Yo me había acostumbrado al cansancio como se acostumbra uno a un tumor que le ha salido en un lado de la cara: nunca se olvida de él, pero eso no significa que siempre piense en él. Cada mañana me levantaba agotado, aturdido, ligeramente mareado, y aquella sensación nunca desaparecía del todo.
Bobby solía entrar en nuestra habitación hacia las siete y veinte. Abría la puerta con energía y entraba como un personaje de un musical a punto de ponerse a cantar. Se aseguraba de que todos nos habíamos levantado y empezaba a charlar con el primero que se hubiera duchado y que normalmente ya se había vestido, porque había que darse prisa si los cuatro ocupantes de la habitación querían estar vestidos y desayunados antes de la reunión de las nueve.
Aquel día yo fui el primero que se duchó, aunque había sido el último en meterse en la cama… que en mi caso era el suelo. Entré sigilosamente en la habitación justo antes de las cinco, me desvestí sin hacer ruido y me acosté entre el televisor y el armarito sin puerta, apoyando la cabeza en un montón de ropa interior sucia. Nadie se había molestado en dejarme una almohada.

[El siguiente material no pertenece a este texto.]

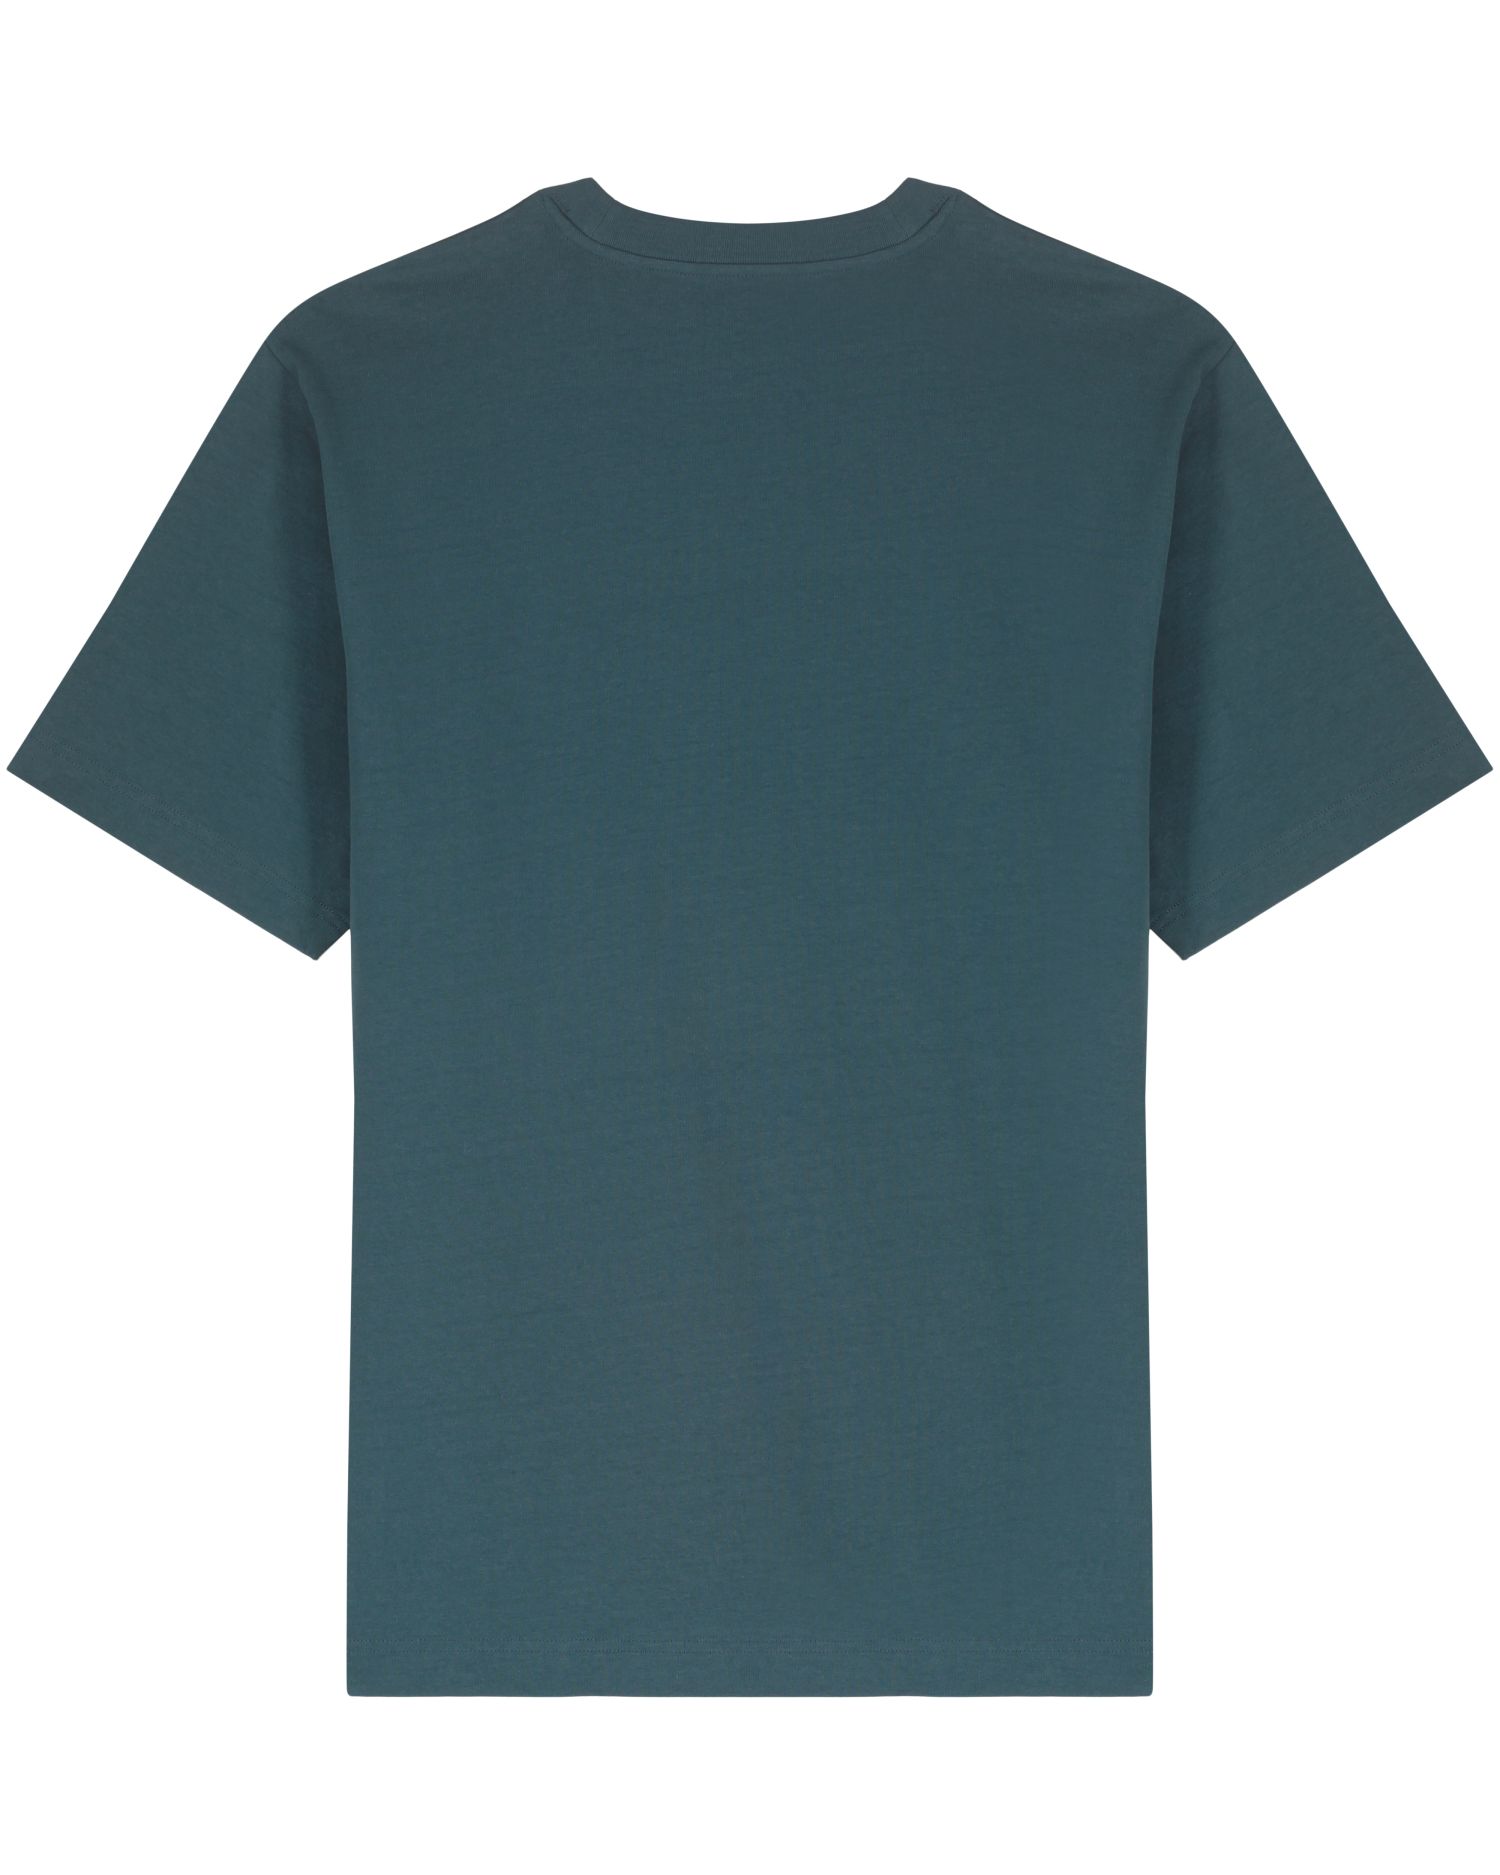 T-Shirt Freestyler in Farbe Stargazer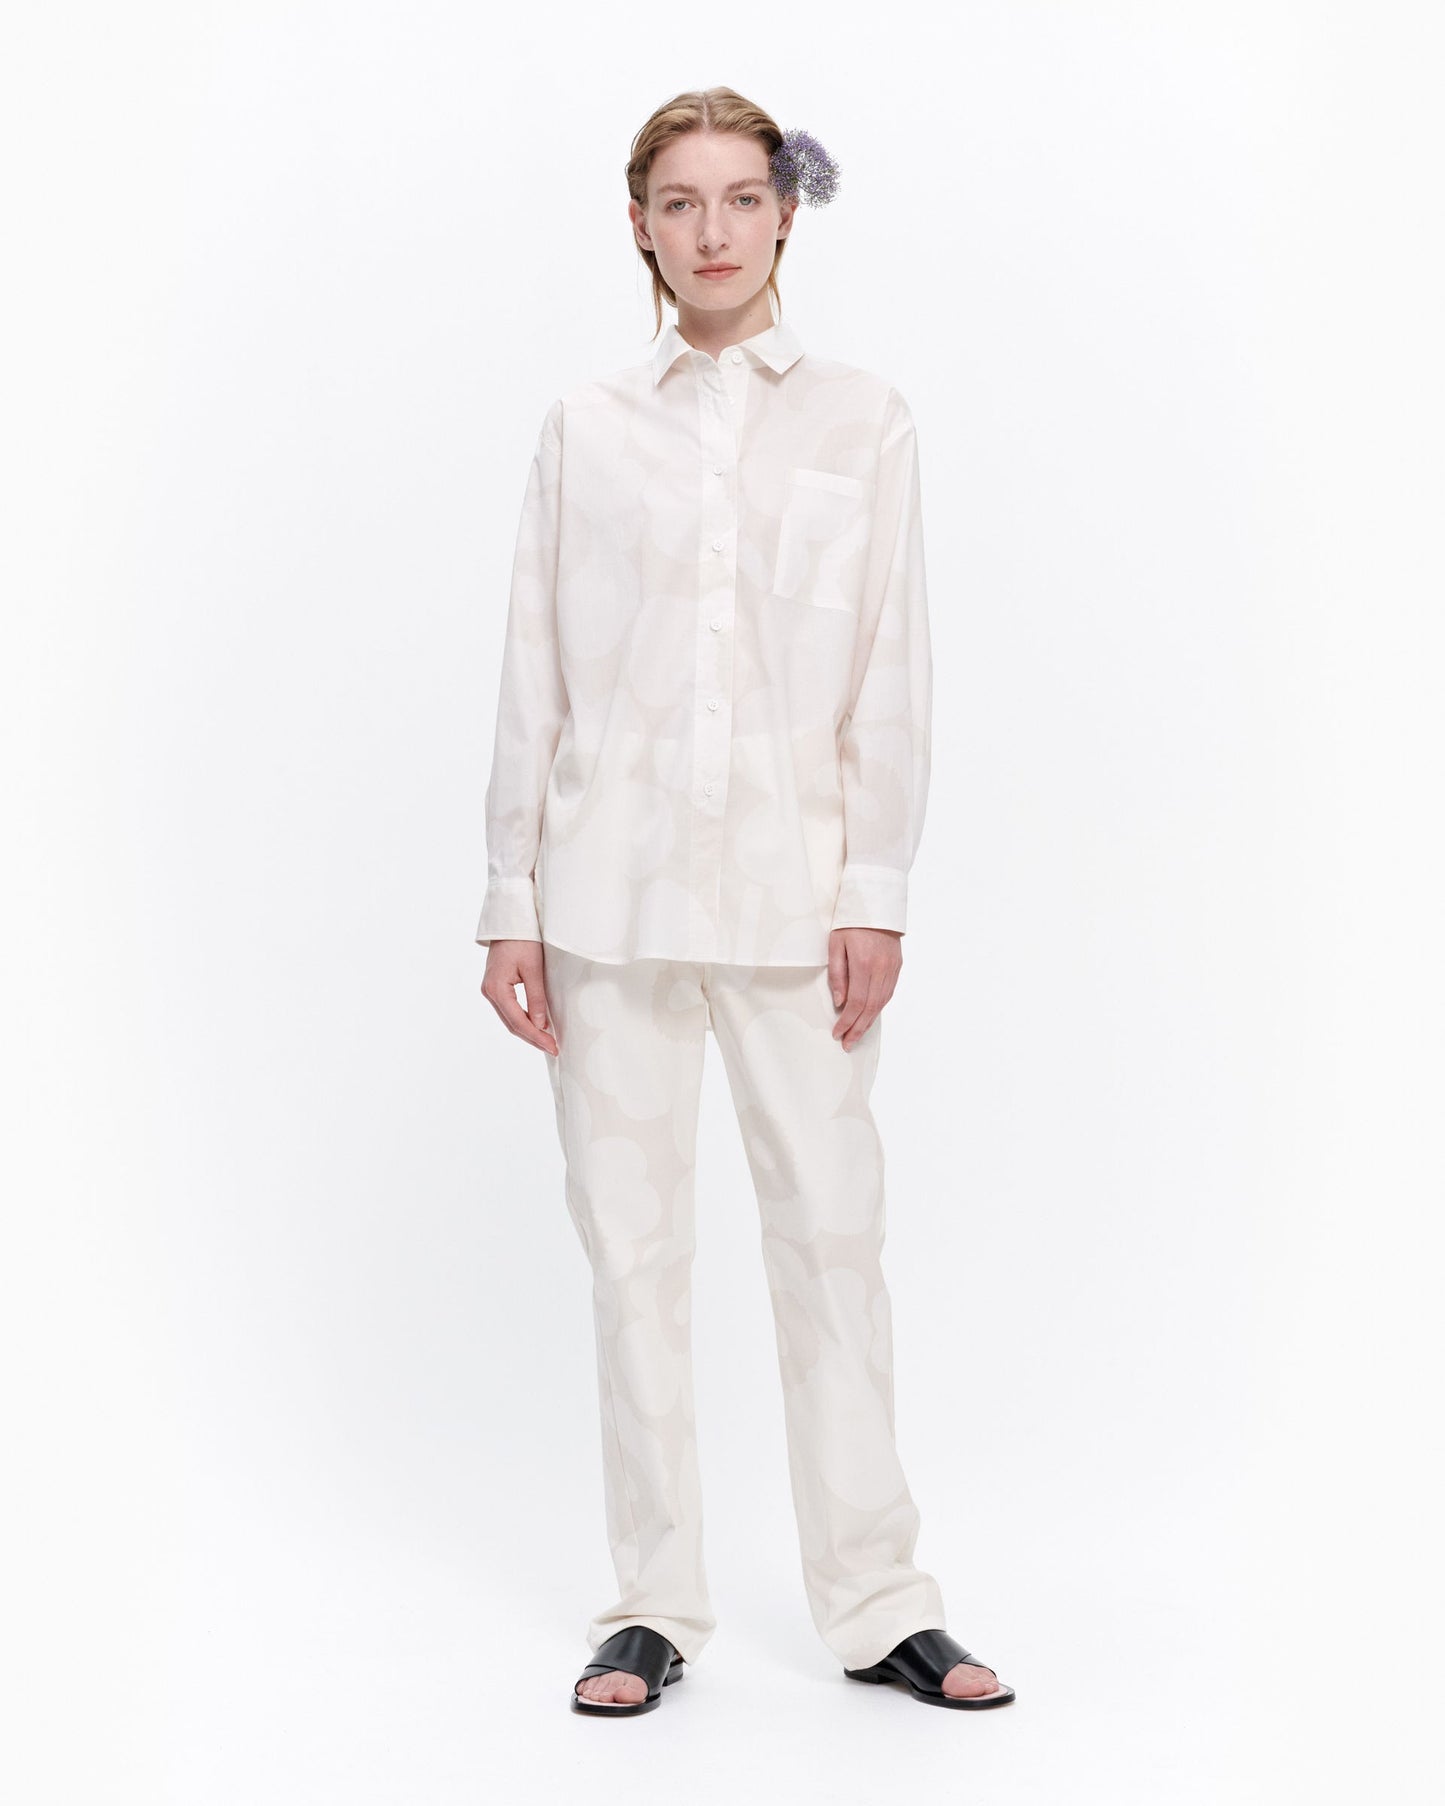 Marimekko Kasvio button-up shirt is made of a light, thin cotton in the beige and off white Unikko (poppy) pattern

Y dormí, estaba casi seguro, aunque fue un sueño irregular, y soñé sobre todo que estaba tendido en el suelo sin poder dormir. Al menos no había soñado que vendía libros, y era la primera vez desde hacía semanas que podía decir aquello. Ni había soñado con los cuerpos de Cabrón y de Karen, lo cual no dejó de ser un alivio.
Cuando sonó el despertador me levanté de un brinco, como solo hace quien duerme poco de forma crónica. Me fui al cuarto de baño. Cuando estuve aseado y vestido, con mi otro par de pantalones caquis, camisa azul claro y corbata estrecha de color amarillo sol, casi me sentía yo otra vez. Podía olvidar lo que había pasado en la caravana, la noche con Melford, y los sucesos posteriores en la caravana. Y casi podía olvidar que me había visto implicado en un doble asesinato y en un tercero en el que estaba implicado un poli corrupto y el director de la empresa para la que yo trabajaba.